Work to complete
Pictures excluded, reproduce exactly the lines below from the one with "Manufacturer Provided Image: Dufour" through the one with "Real Sociedad - Barcellona. 28a g.", both included.

Entries shown
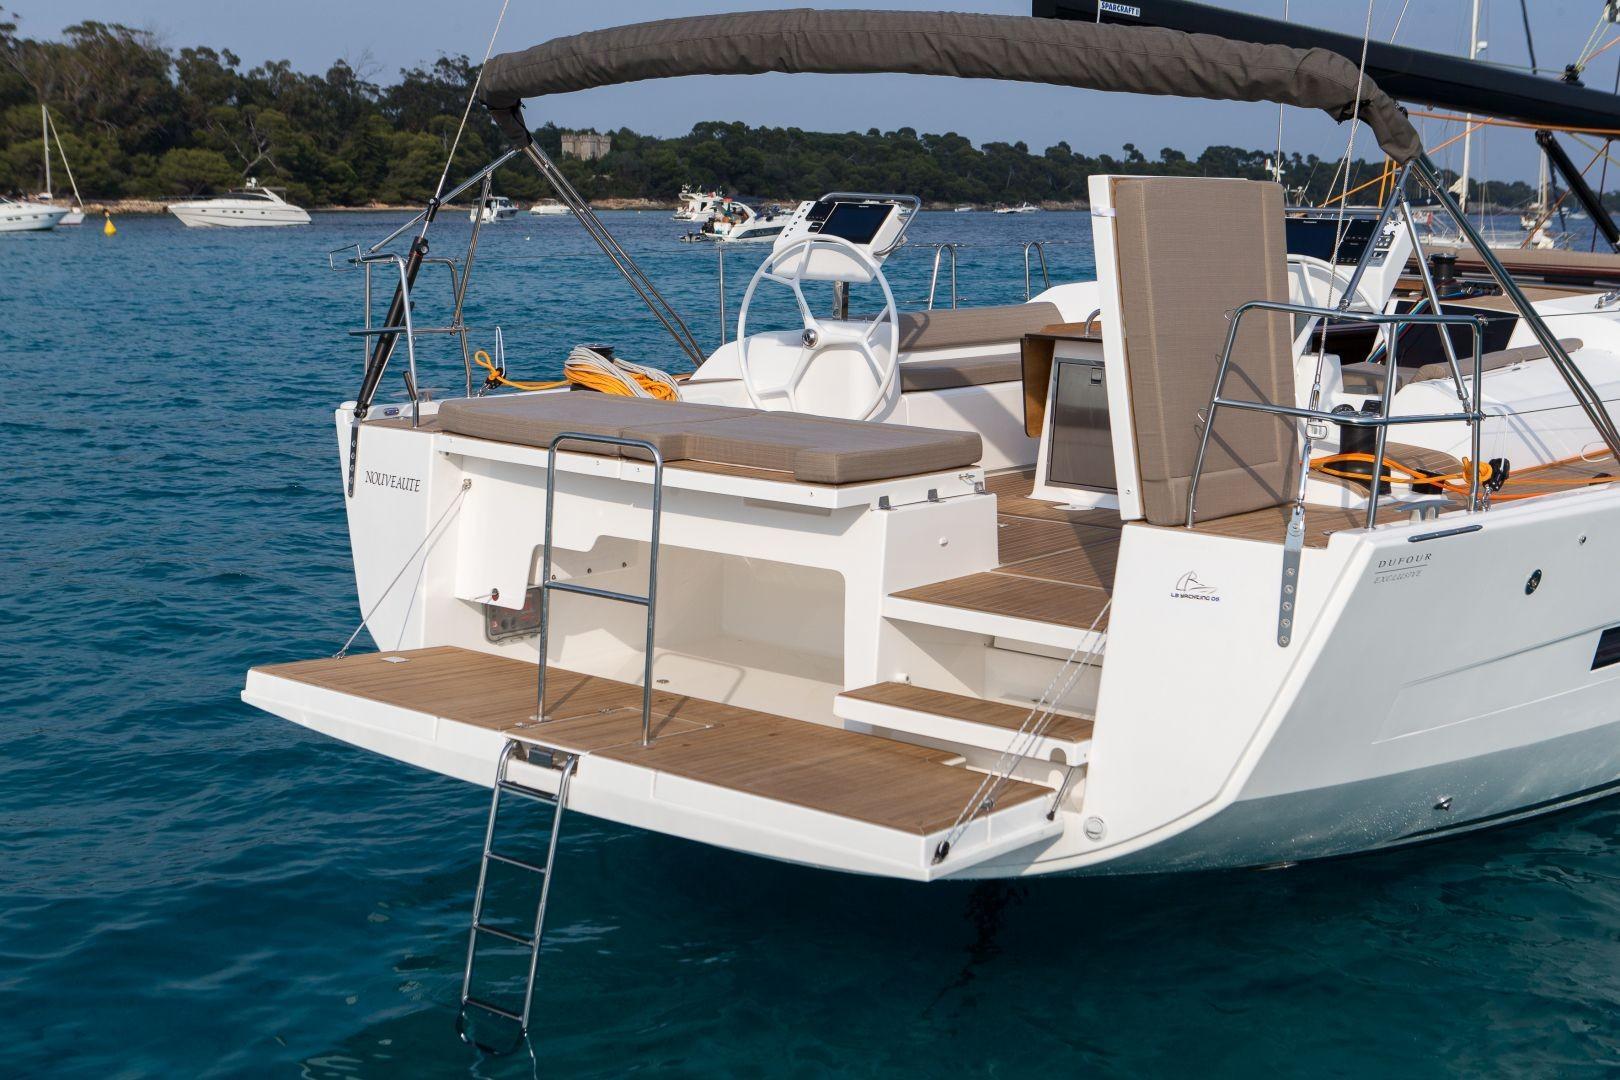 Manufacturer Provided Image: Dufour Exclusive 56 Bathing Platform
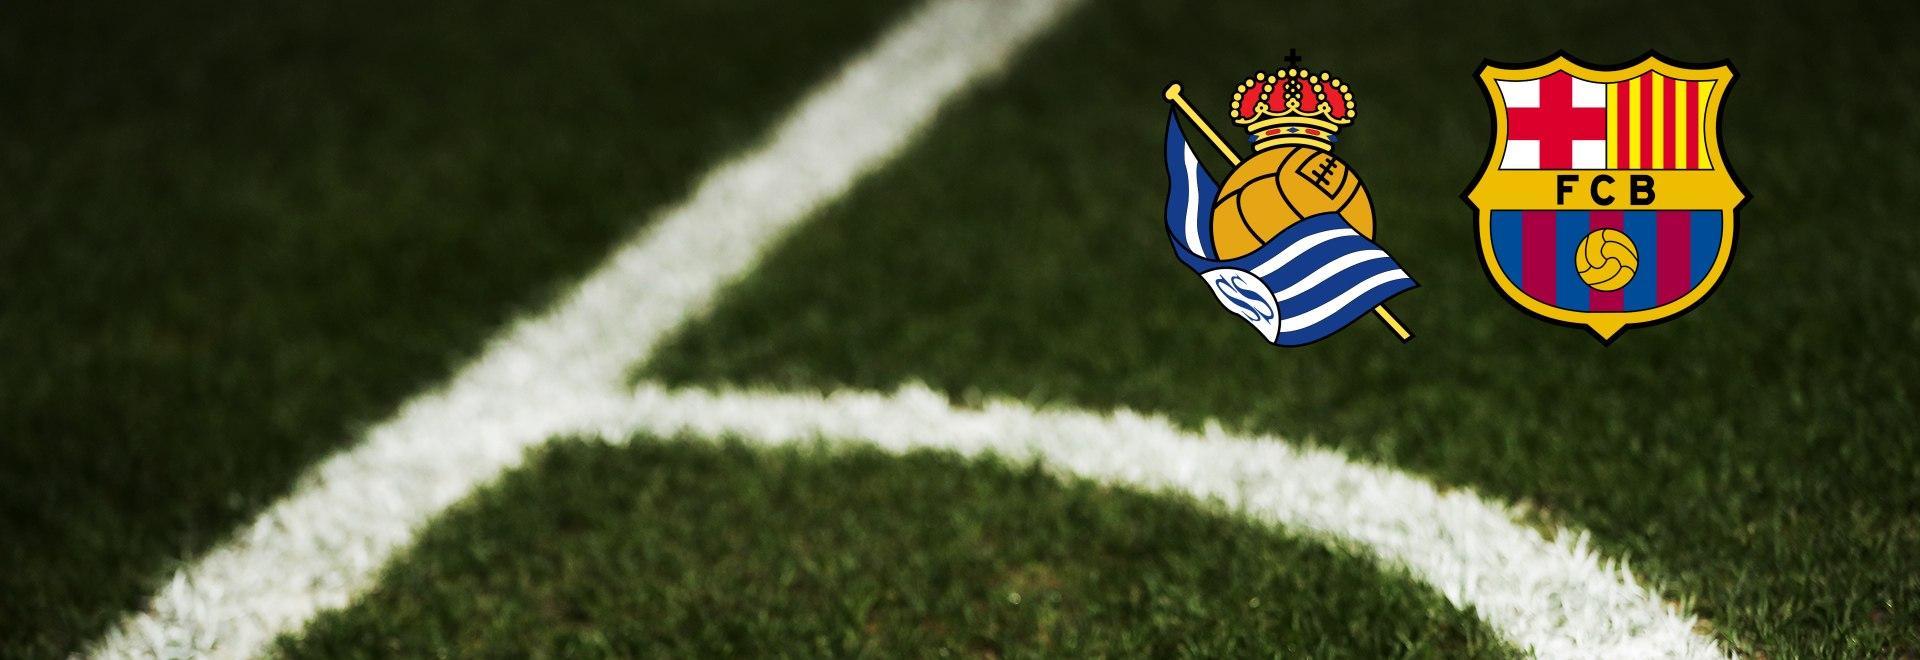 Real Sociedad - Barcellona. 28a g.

* * *

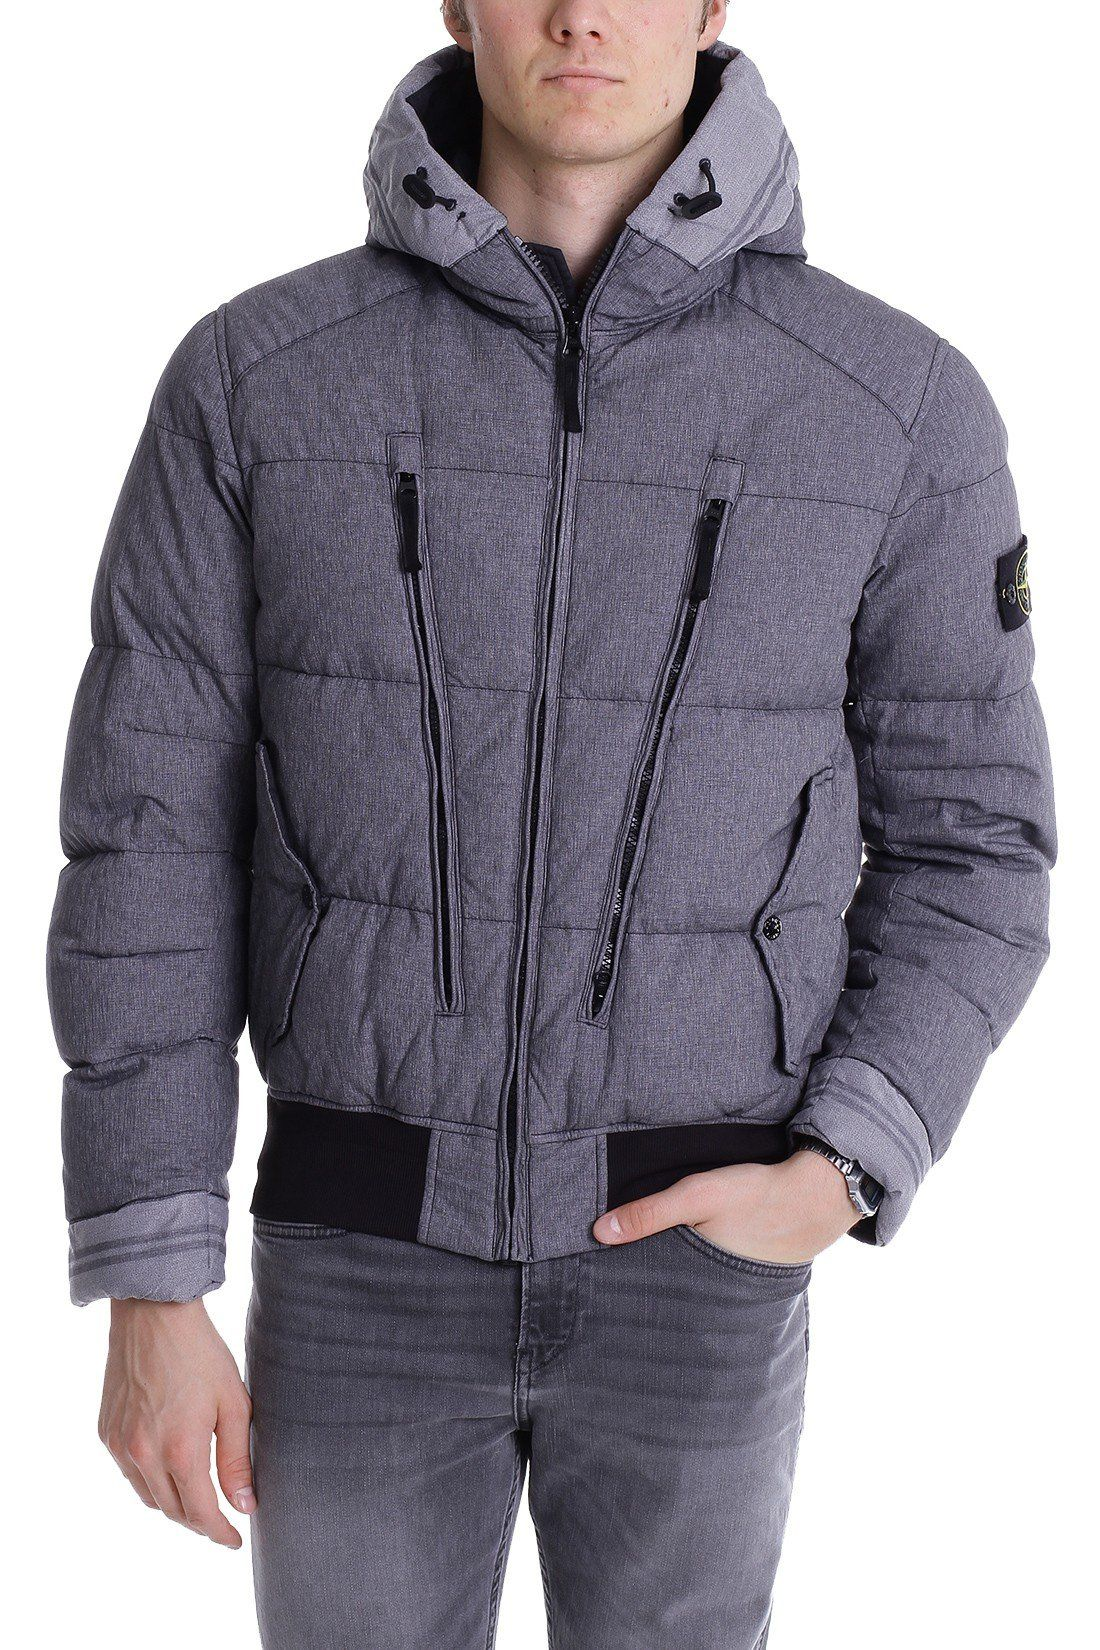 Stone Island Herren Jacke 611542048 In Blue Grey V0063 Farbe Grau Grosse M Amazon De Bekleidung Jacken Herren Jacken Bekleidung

Response to the task
 Manufacturer Provided Image: Dufour Exclusive 56 Bathing Platform
 Real Sociedad - Barcellona. 28a g.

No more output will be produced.